§ **PROVIDED DATA**:
..............................

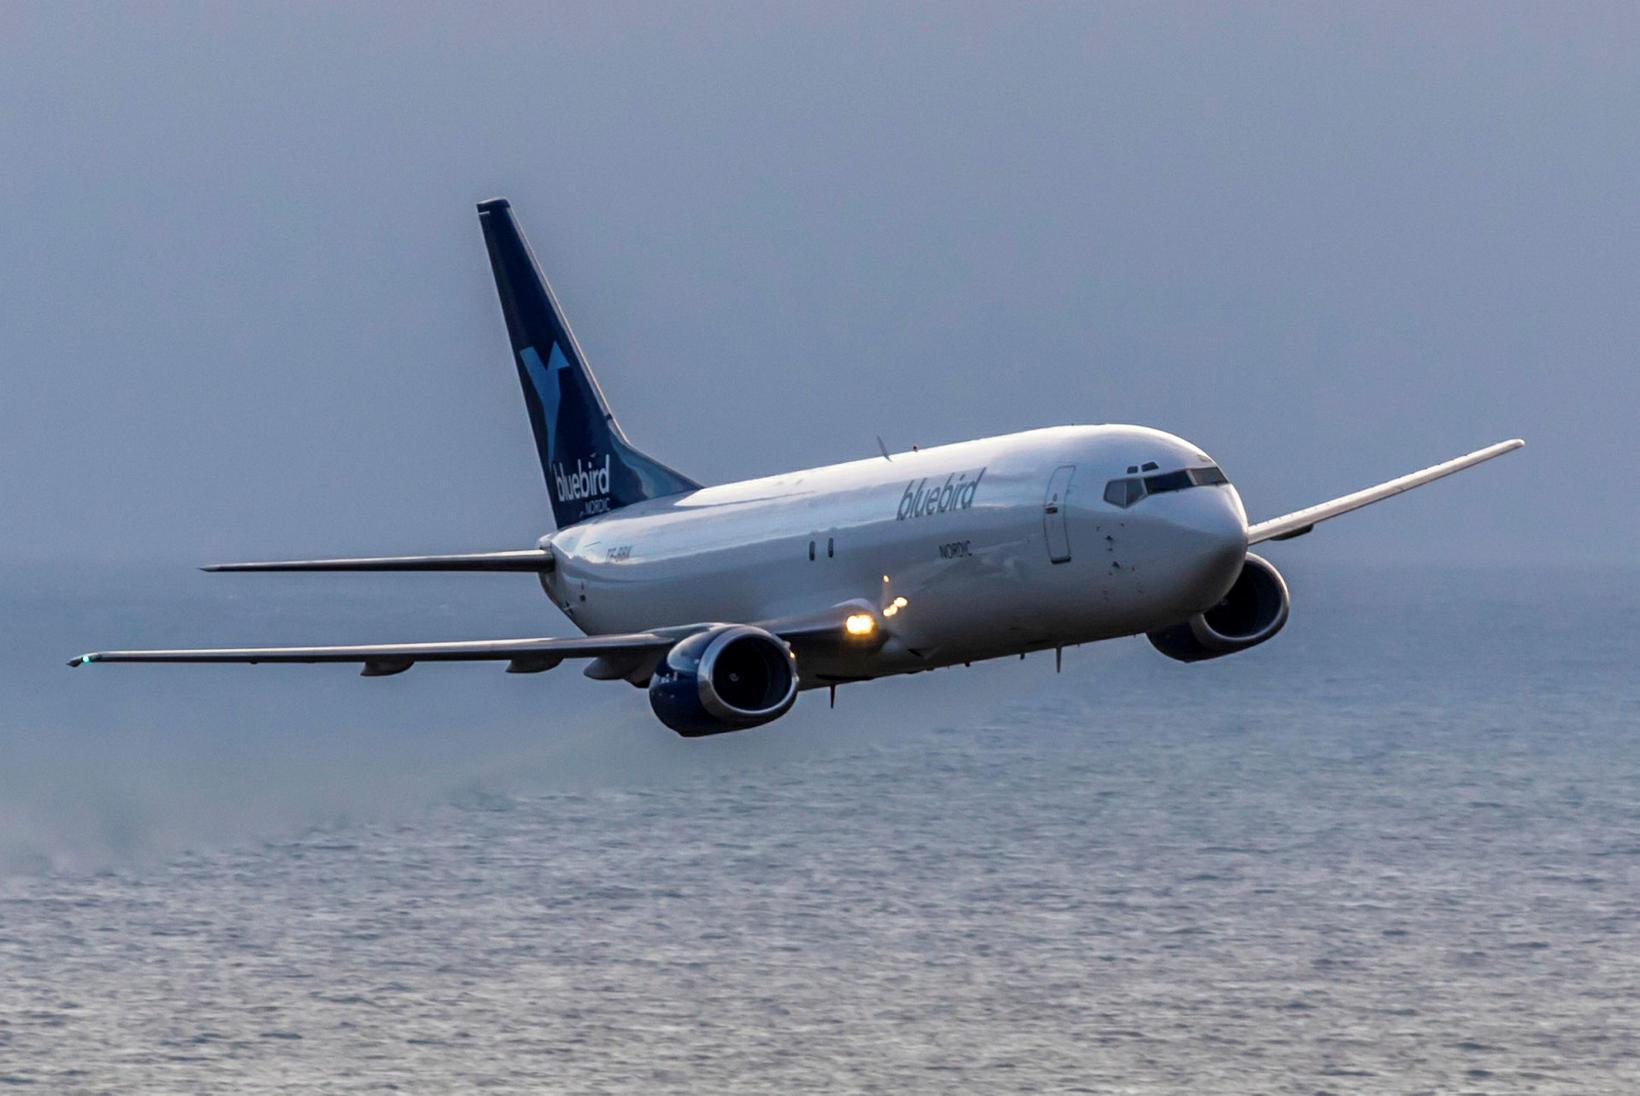 Bluebird Nordic hefur verið með 8 Boeing 737 þotur í …
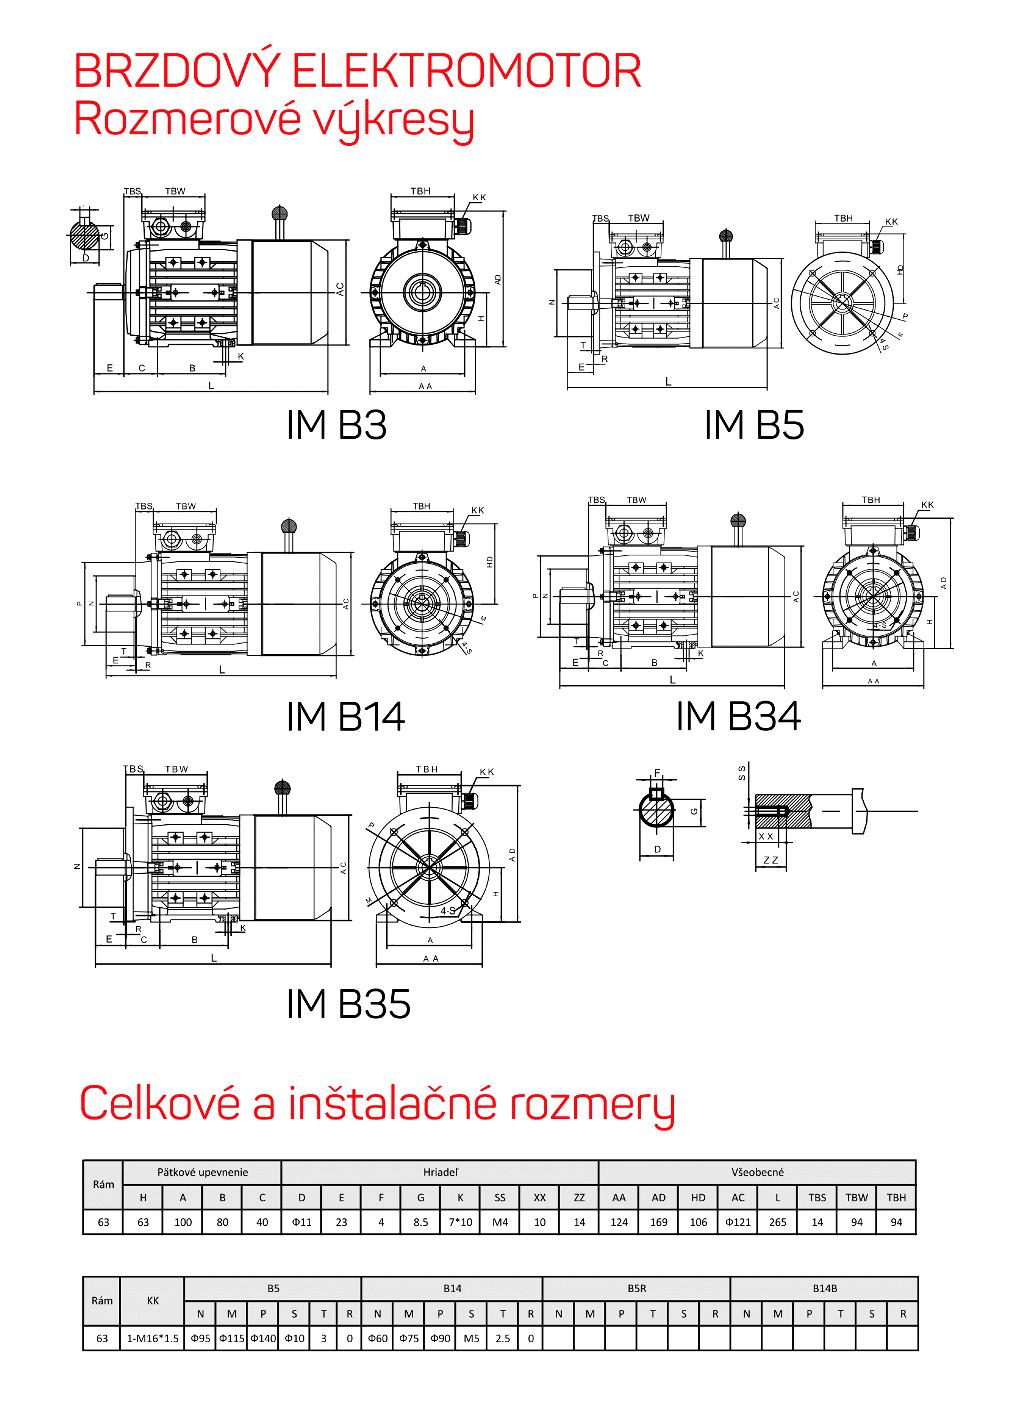 brzdové elektromotory rozměrový výkres 63
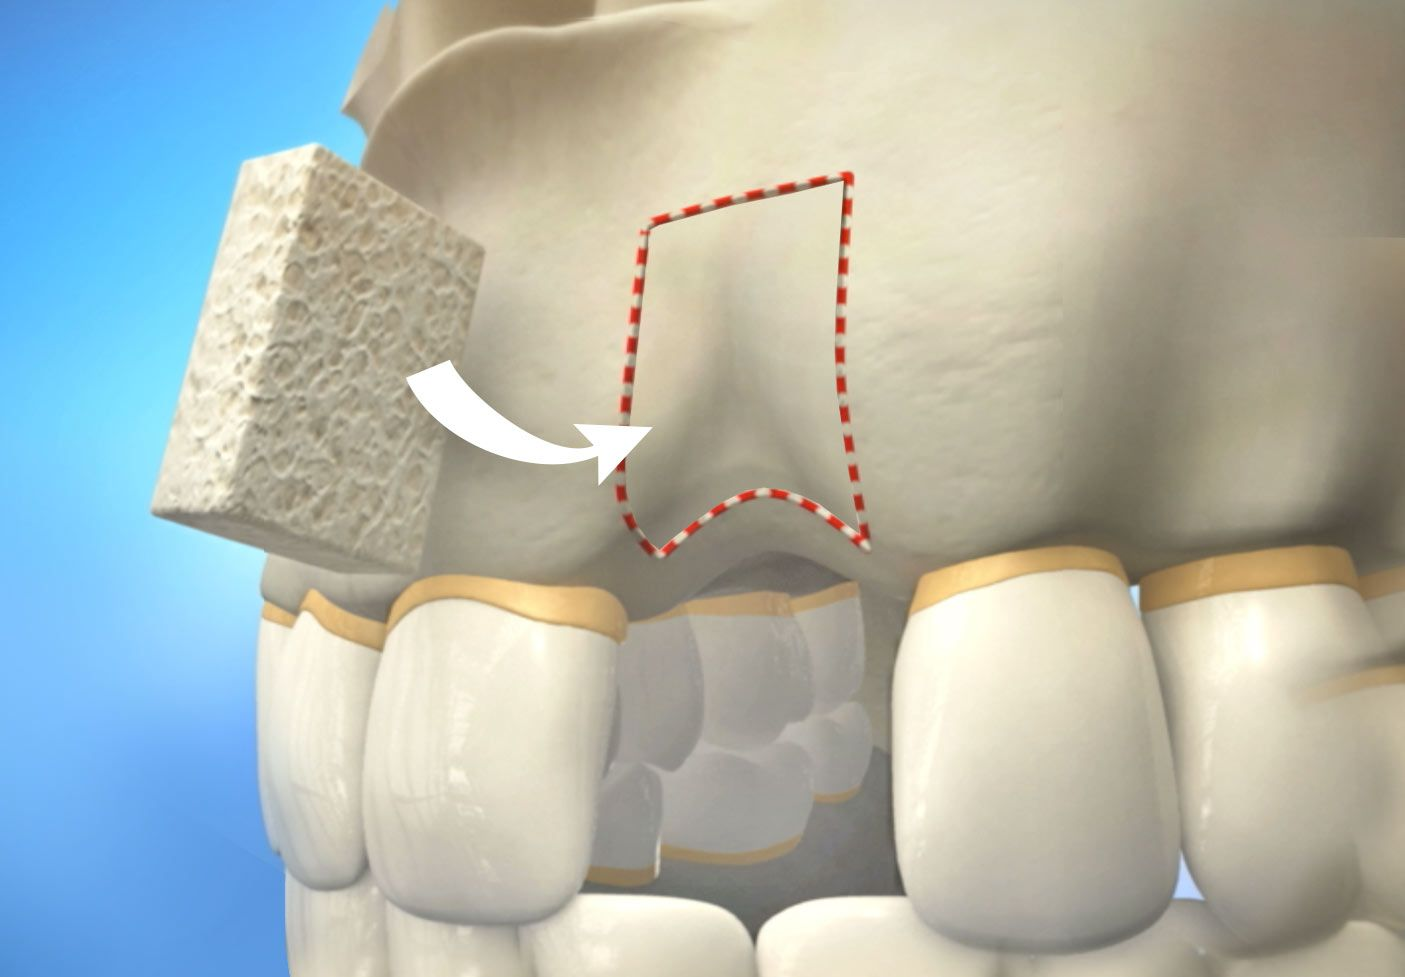 کلینیک دندانپزشکی آرکا - پیوند استخوان یا گرافت جهت ایمپلنت دندان
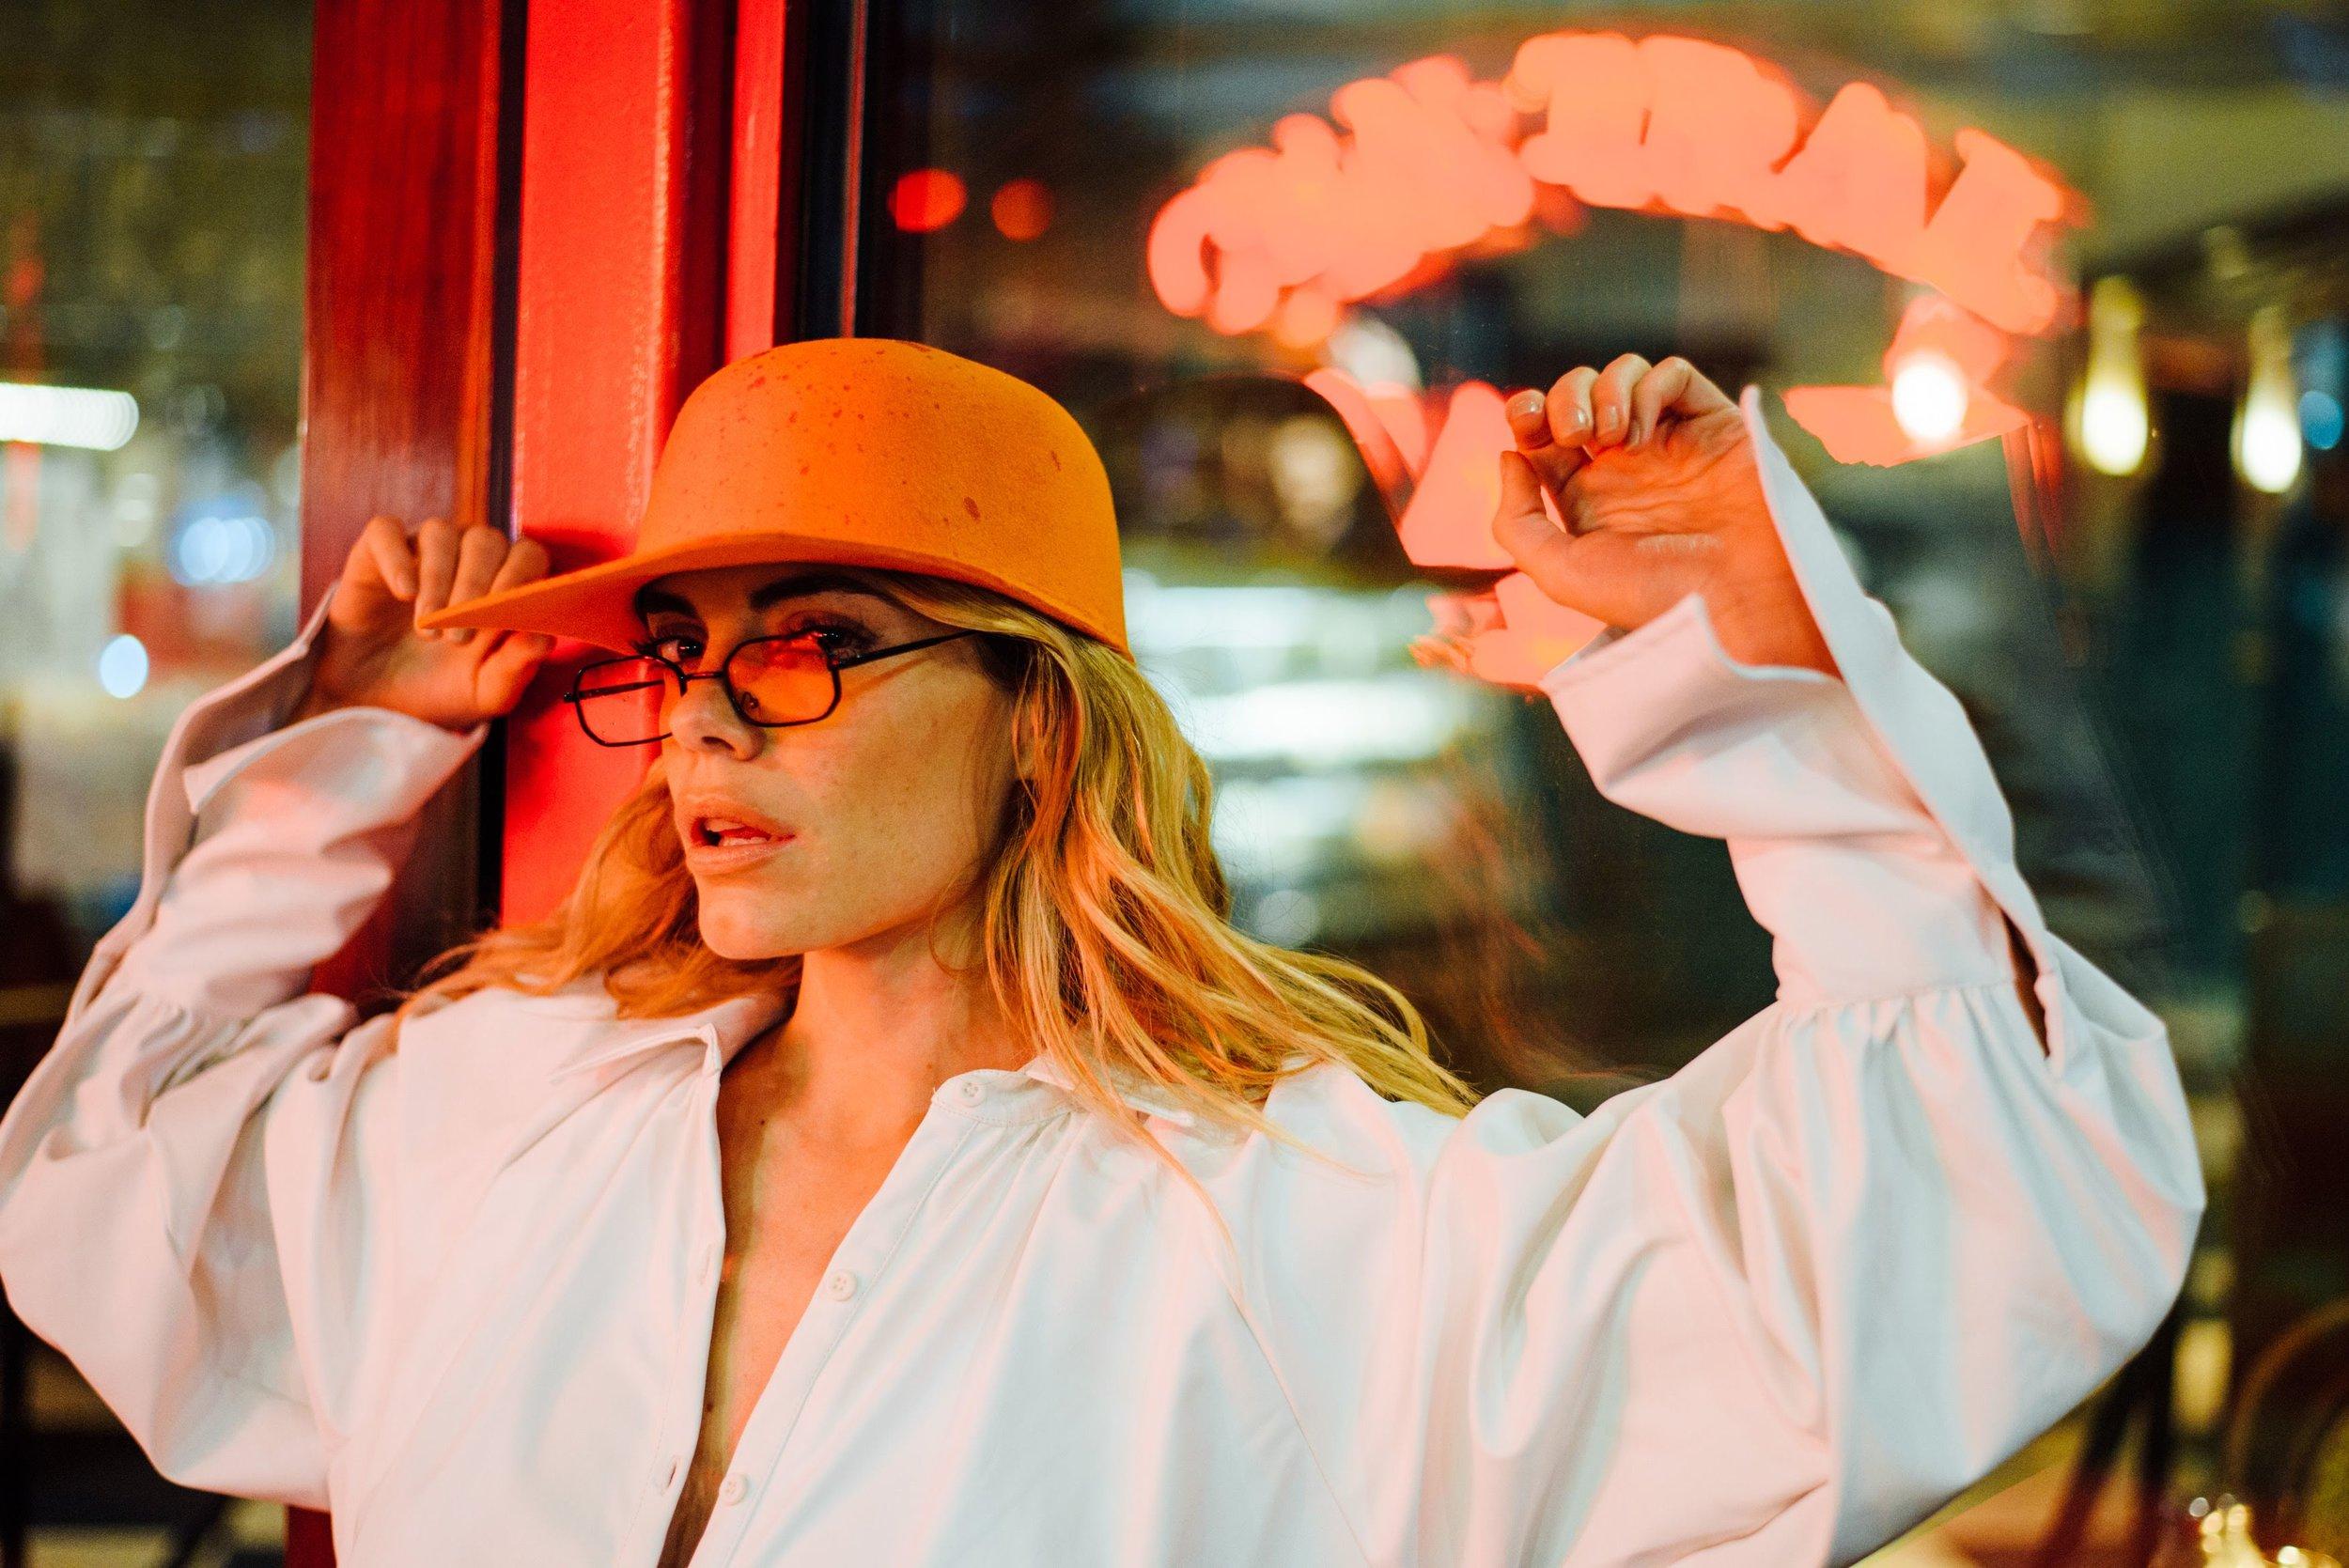 Emilia Attias en NYC por Malvina Battiston 2018 268.jpg

..............................

§ **EXERCISE PROMPT**: Leave out the pictures, and please output only the lines from the line that contains "brzdové elektromotory rozměrový výkres 63" through the end of the data, both ends included.

§ **RESULT FOR THIS TASK**:
 brzdové elektromotory rozměrový výkres 63
 کلینیک دندانپزشکی آرکا - پیوند استخوان یا گرافت جهت ایمپلنت دندان
 Emilia Attias en NYC por Malvina Battiston 2018 268.jpg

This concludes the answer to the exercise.